Considerações Finais
Ao longo do presente debate, procuramos discutir a atuação dos organismos internacionais, particularmente Unesco e Banco Mundial, mediante suas orientações às políticas educacionais entre 1990 e 2020. Dedicamo-nos a relacionar elementos pertinentes ao eixo educação e inclusão, retomando as proposições políticas dos anos 1990 e seus desdobramentos e derivações no século XXI.
O período analisado foi constituído por mudanças no mundo do trabalho e no tipo de políticas assumidas pelo Estado burguês em face das necessidades de reprodução do capital em crise. Tais políticas, ao mesmo tempo em que deslizaram os investimentos públicos das áreas sociais para a remuneração de capitais, ajustaram as recomendações educacionais para formar os trabalhadores com habilidades e competências necessárias ao mercado.
Ao analisar os direcionamentos colocados pelos organismos internacionais para o eixo educação e inclusão, identificamos duas estratégias políticas: a ênfase na equidade e na aprendizagem. A equidade é tratada na relação com a educação e a inclusão nos documentos propositivos dos organismos internacionais com a diversificação da oferta educacional, como educação formal, informal, segregada, integrada, inclusiva, regulada, em grande medida, pelos grupos aos quais se destina. Tal estratégia corporifica a flexibilização de currículos, a diferenciação de trajetórias educacionais para diferentes sujeitos. A equidade, embora possa ser apreendida como uma proposta que substitui e atualiza as questões da igualdade, de fato, reforça os mecanismos de desigualdade constitutivos da sociabilidade do capital.
A estratégia da aprendizagem articulada ao eixo educação e inclusão trata do desenvolvimento de habilidades e competências necessárias ao mercado. Os organismos internacionais referem oportunidades de aprendizagem, o que remete para o plano das capacidades individuais. Ao mesmo tempo, consideram que a aprendizagem prescinde das instituições escolares tal como conhecemos, assim como do conhecimento por elas difundido.

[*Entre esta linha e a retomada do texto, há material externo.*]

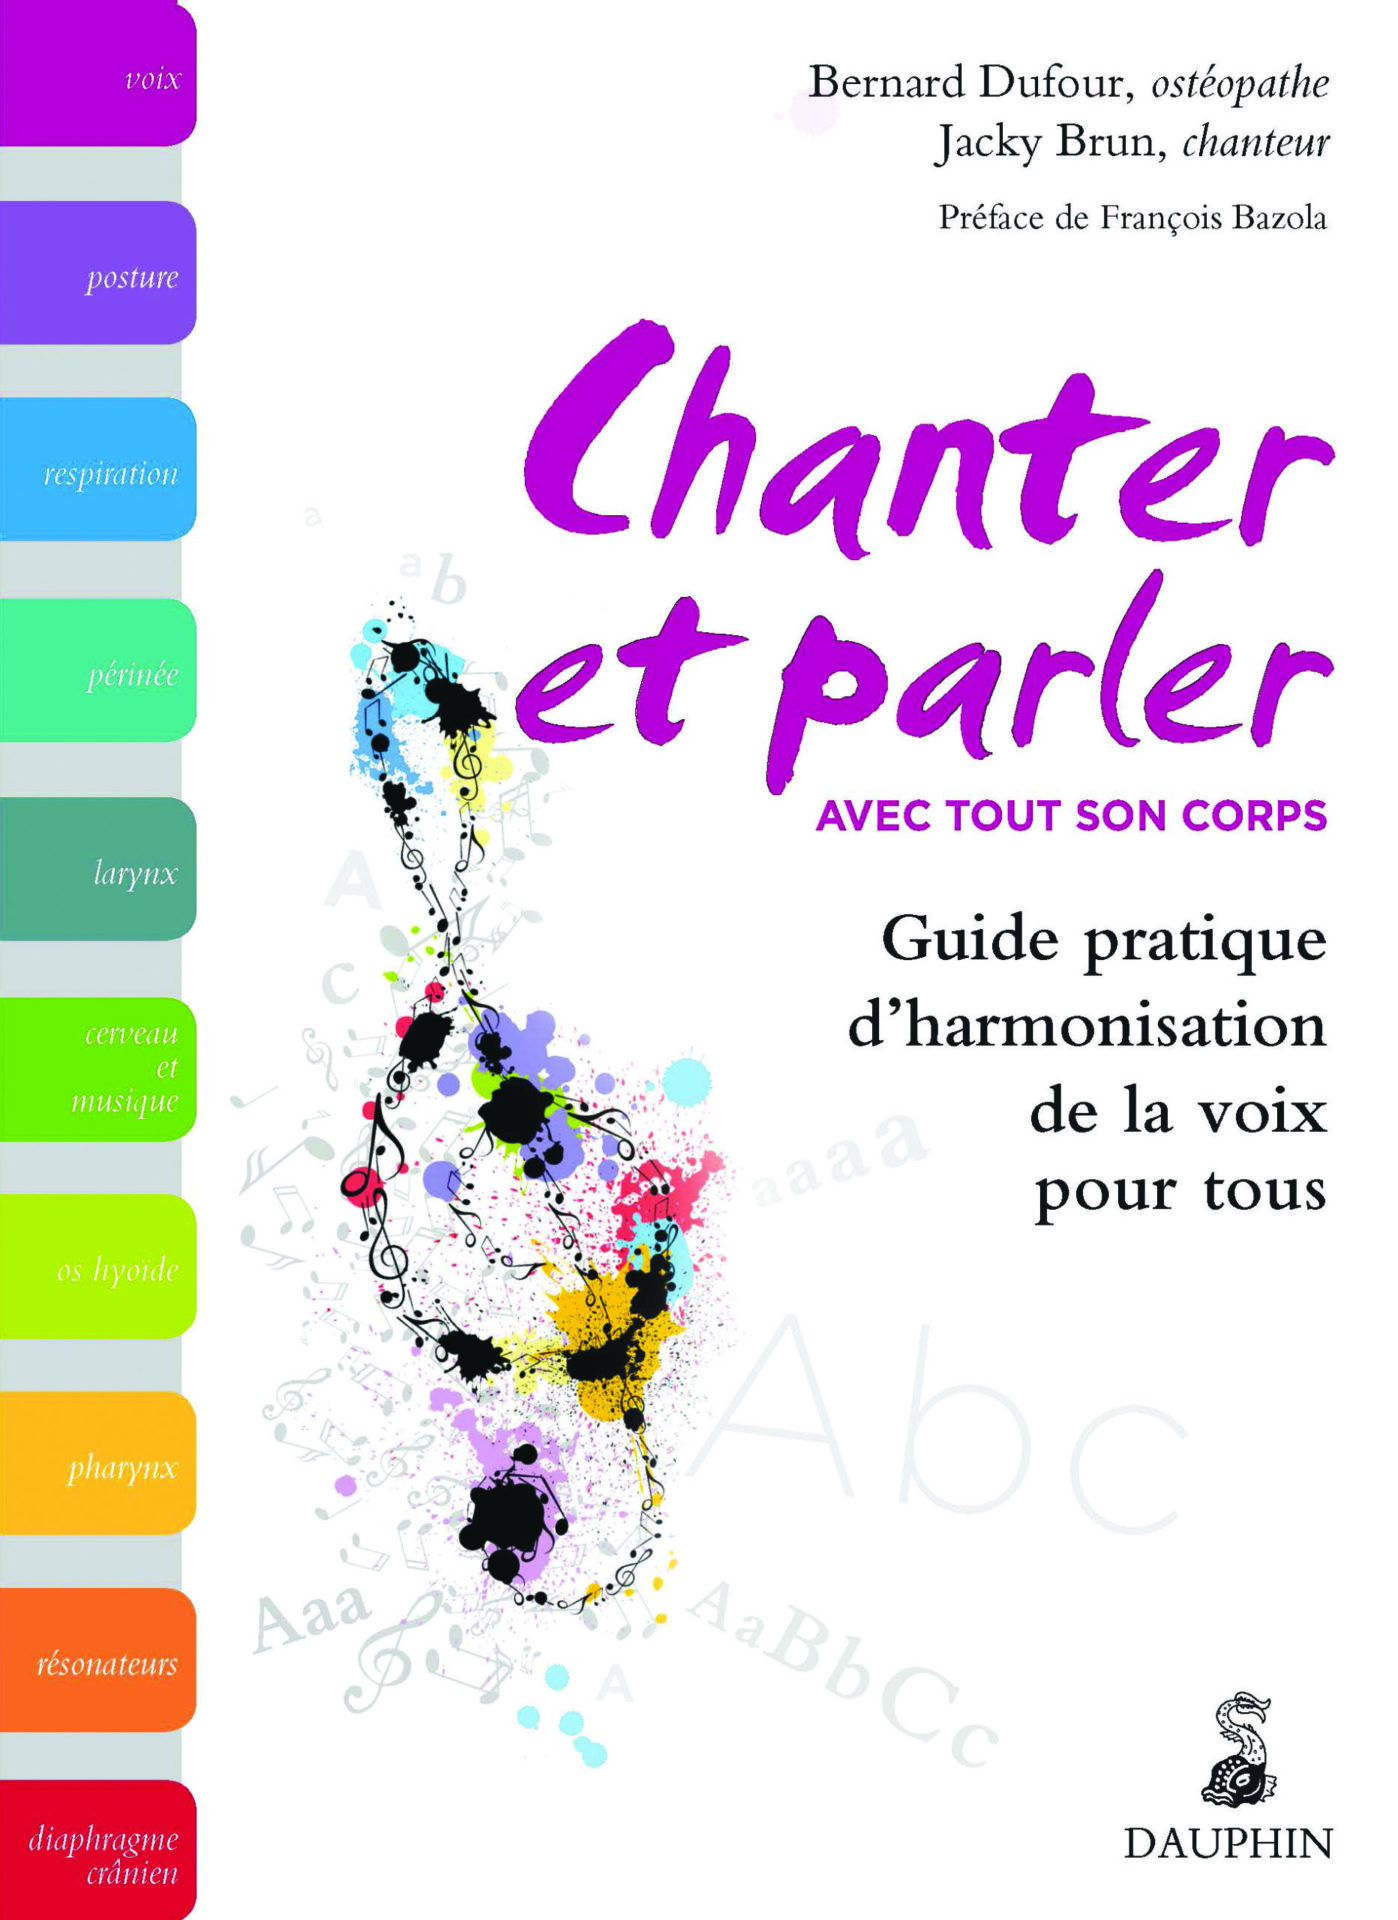 Chanter_Corps_Parler_Harmonisation_Voix_Posture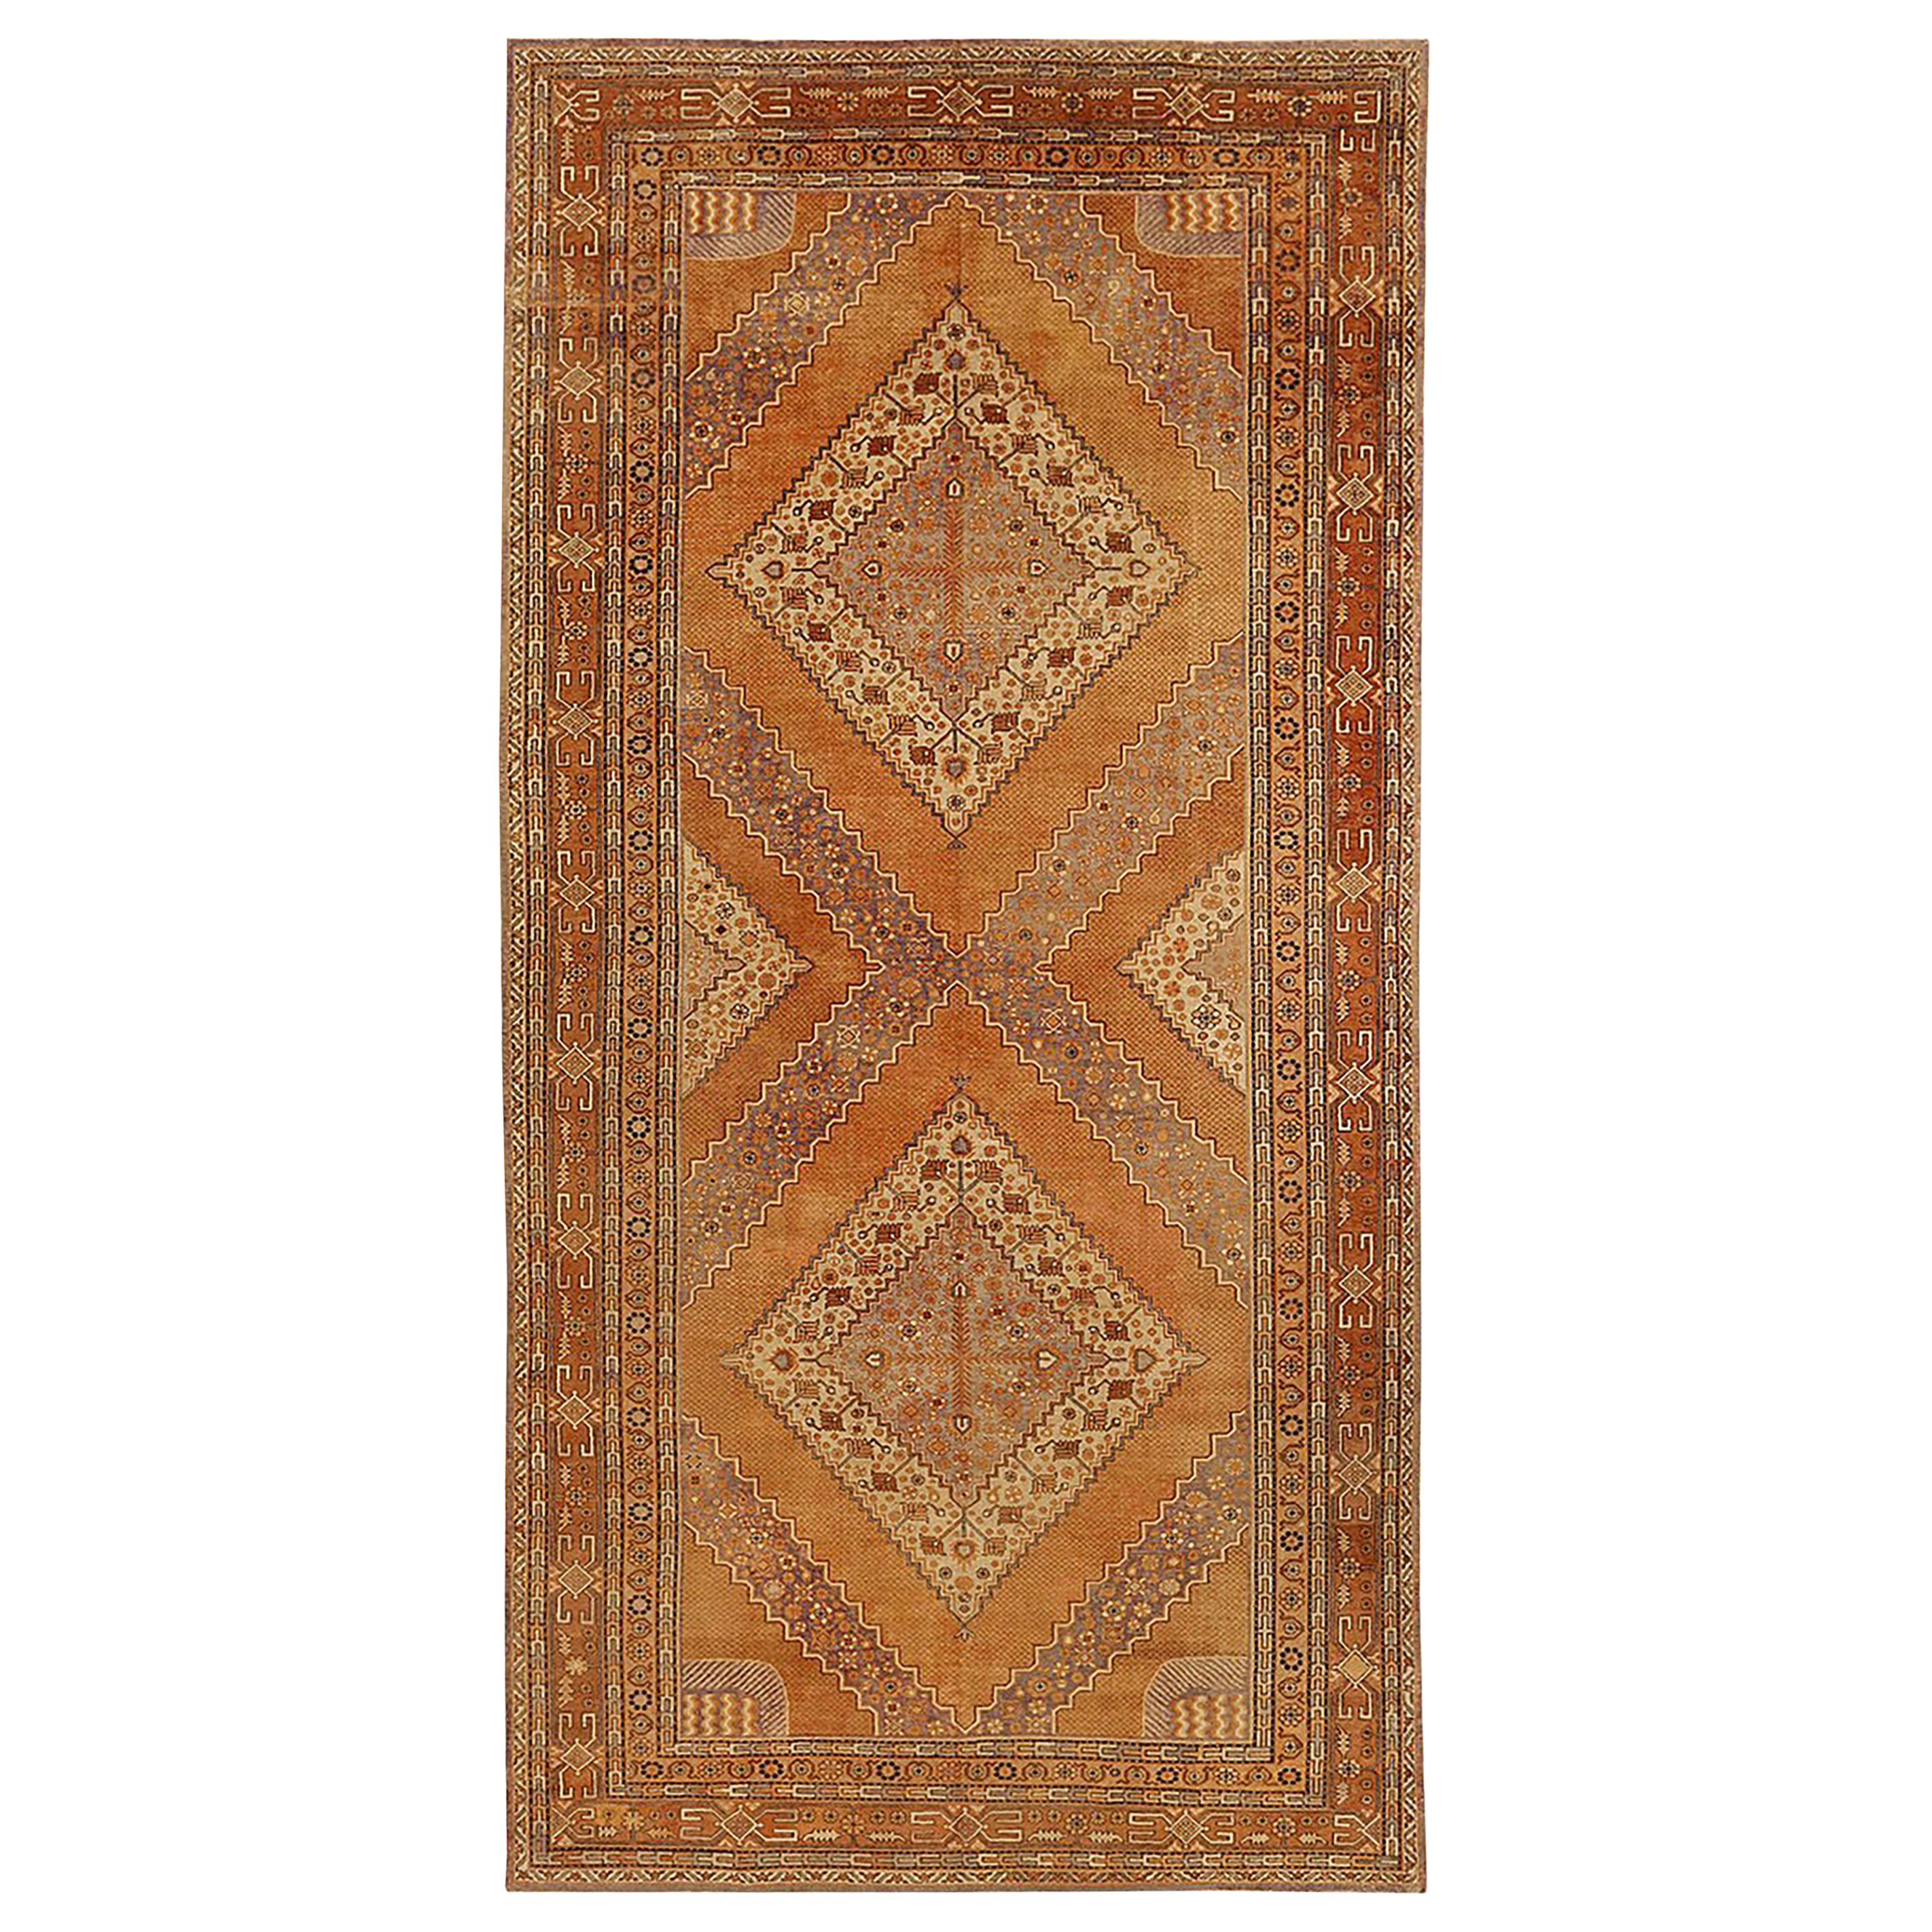 Antiker russischer Khotan-Teppich mit beige und braunen Diamantmedaillons, antik

Ao pensar as formas assumidas pelas políticas de educação especial na perspectiva inclusiva no Brasil, reconhecemos, nas suas proposições, os direcionamentos dados pelos organismos internacionais. Analisamos três gerações de políticas de educação especial no Brasil que articulam, de acordo com a conveniência do bloco no poder, tais direcionamentos. Essas diferentes propostas expressam uma perspectiva multifacetada de inclusão nas políticas de educação especial, cuja variabilidade está contemplada nas recomendações dos organismos internacionais. Da mesma forma, as políticas desenvolvidas em diferentes países, que expressam desigualdades naturalizadas, retratam combinações de atendimentos segregados e propostas integracionistas. A perspectiva multifacetada do eixo educação e inclusão nas políticas de educação especial, compreendida aqui como a variabilidade de proposições contempladas na adjetivação inclusiva, potencializa o sentido de coesão e sustentabilidade em relação à sociabilidade do capital. No âmbito das políticas educacionais para os países periféricos, arrola flexibilizações curriculares e individualizações de trajetórias educacionais que, no limite, podem desencadear tanto rebaixamentos formativos como até mesmo processos de desescolarização. Cabe lembrar que tais proposições vêm sendo encaminhadas por meio de propostas focalizadas, direcionadas a grupos identificados como aqueles que expressam diferenças a serem atendidas com ações educacionais específicas.
Tais propostas essecializam os sujeitos nas características que contribuem para que sejam identificados como diferentes e os abstraem das relações de classe social. Se o desafio que temos em relação à educação escolar é imenso, em relação aos sujeitos identificados como estudantes da educação especial não é diferente. Para enfrentá-lo, retomamos Fernandes (2019), para quem atuar na escola implica pensar para além da escola, com forte posicionamento político e com consciência de classe.